Route53 Private Hosted Zone (Internal DNS)
This is required so that masters and workers can resolve api-int to the private IP of the internal NLB — they cannot reach public IPs without an EIP.
# Create private hosted zone attached to your VPC
aws route53 create-hosted-zone \
--name ocp420.gineesh.com \
--caller-reference $(date +%s) \
--hosted-zone-config PrivateZone=true \
--vpc VPCRegion=ap-southeast-2,VPCId=<vpc-id>
# Note the HostedZoneId from output e.g. /hostedzone/XXXXXXXXXXXXX
# Add DNS records pointing to INTERNAL NLB
aws route53 change-resource-record-sets \
--hosted-zone-id <private-zone-id> \
--change-batch '{
"Changes": [
{
"Action": "CREATE",
"ResourceRecordSet": {
"Name": "api-int.ocp420.gineesh.com",
"Type": "CNAME",
"TTL": 300,
"ResourceRecords": [{"Value": "<internal-nlb-dns-name>"}]
}
},
{
"Action": "CREATE",
"ResourceRecordSet": {
"Name": "api.ocp420.gineesh.com",
"Type": "CNAME",
"TTL": 300,
"ResourceRecords": [{"Value": "<internal-nlb-dns-name>"}]
}
}
]
}'
Verify DNS resolves to private IPs from within the VPC:
dig api-int.ocp420.gineesh.com
# Should return private IPs like 10.0.x.x — NOT public IPs
NAT Gateway for Outbound Internet
All nodes need outbound internet access to pull images from quay.io and registry.redhat.io during installation.

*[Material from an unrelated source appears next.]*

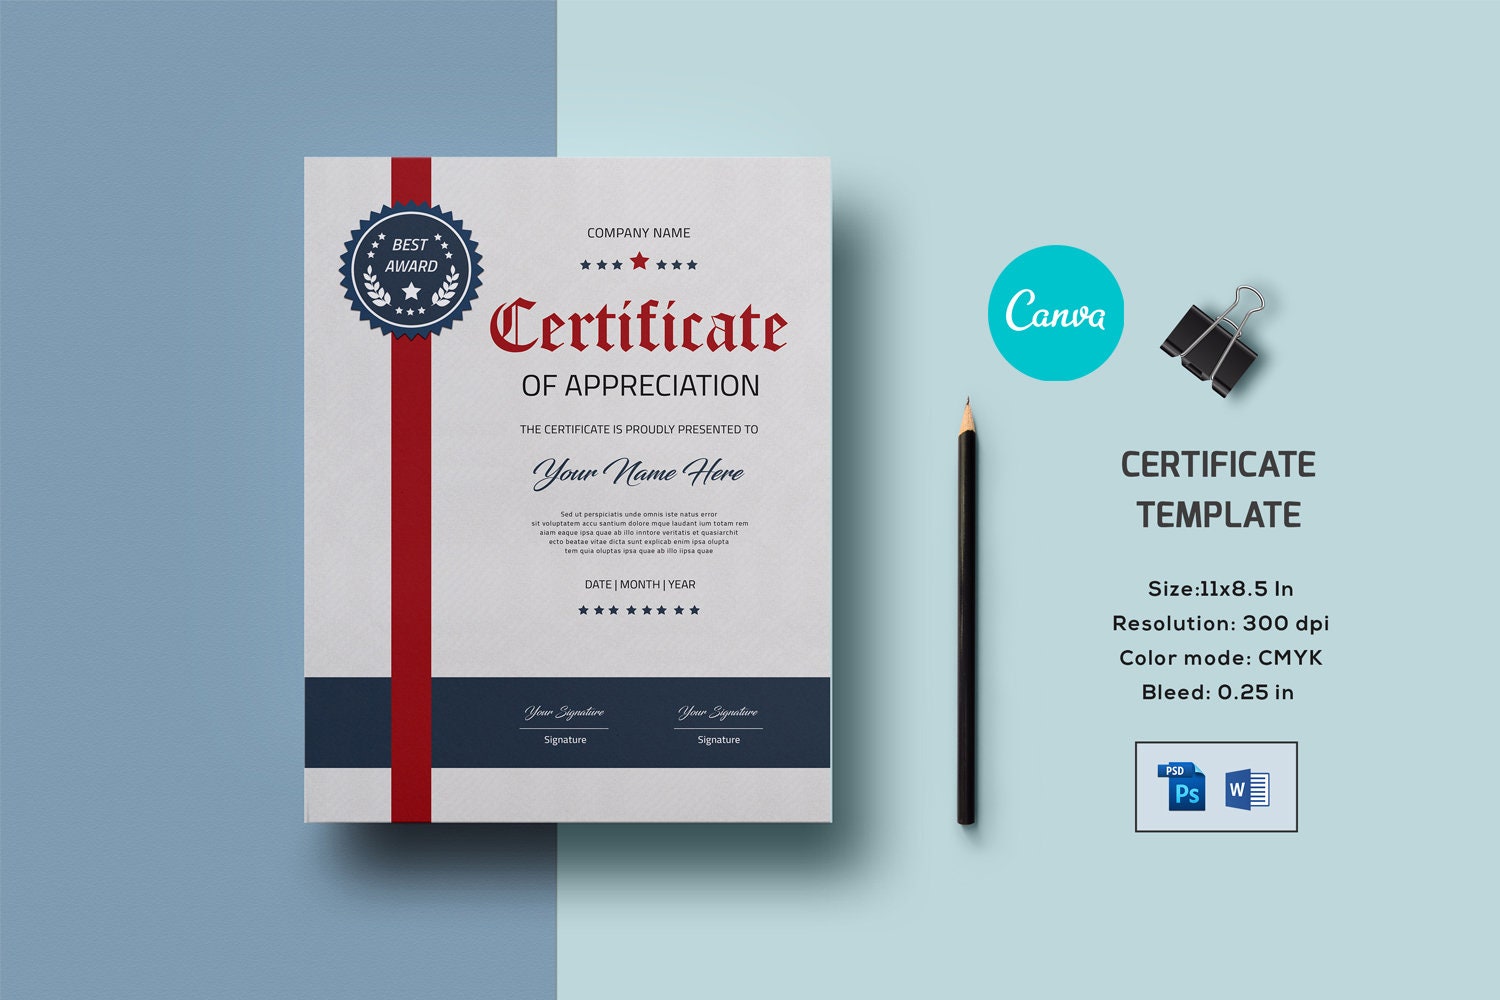 What Is the Ideal Certificate Size?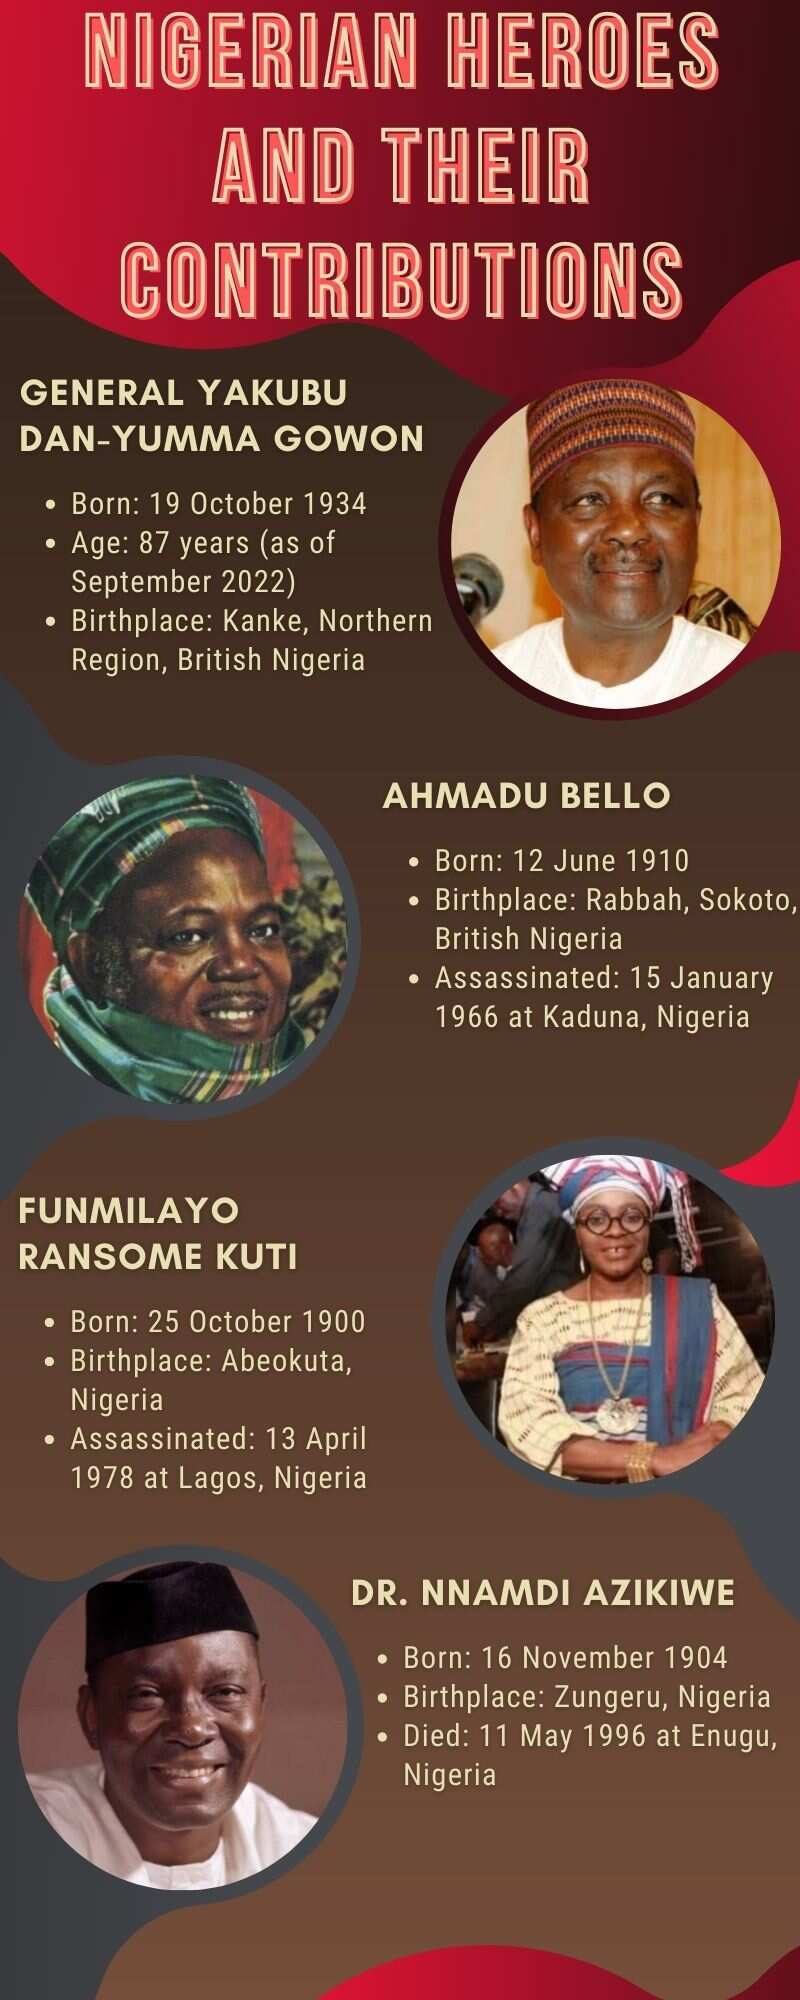 Nigerian heroes and their contributions

- Bootstrap (public subnet) → needs an Elastic IP (EIP) directly on the instance
- Masters/Workers (private subnets) → use NAT Gateway (no EIP needed per instance)
# Allocate EIP for NAT Gateway
aws ec2 allocate-address --domain vpc
# Note AllocationId
# Create NAT Gateway in a PUBLIC subnet
aws ec2 create-nat-gateway \
--subnet-id <public-subnet-id> \
--allocation-id <eip-alloc-id>
# Wait until available
aws ec2 wait nat-gateway-available \
--filter "Name=state,Values=available"
# Add NAT route to EACH private subnet route table
aws ec2 create-route \
--route-table-id <private-rtb-2a> \
--destination-cidr-block 0.0.0.0/0 \
--nat-gateway-id <nat-gw-id>
aws ec2 create-route \
--route-table-id <private-rtb-2b> \
--destination-cidr-block 0.0.0.0/0 \
--nat-gateway-id <nat-gw-id>
Important: Public subnets route via Internet Gateway (
0.0.0.0/0 → igw-xxx). Bootstrap is in a public subnet and requires its own EIP becauseMapPublicIpOnLaunch=false— the IGW requires a public IP to SNAT outbound traffic.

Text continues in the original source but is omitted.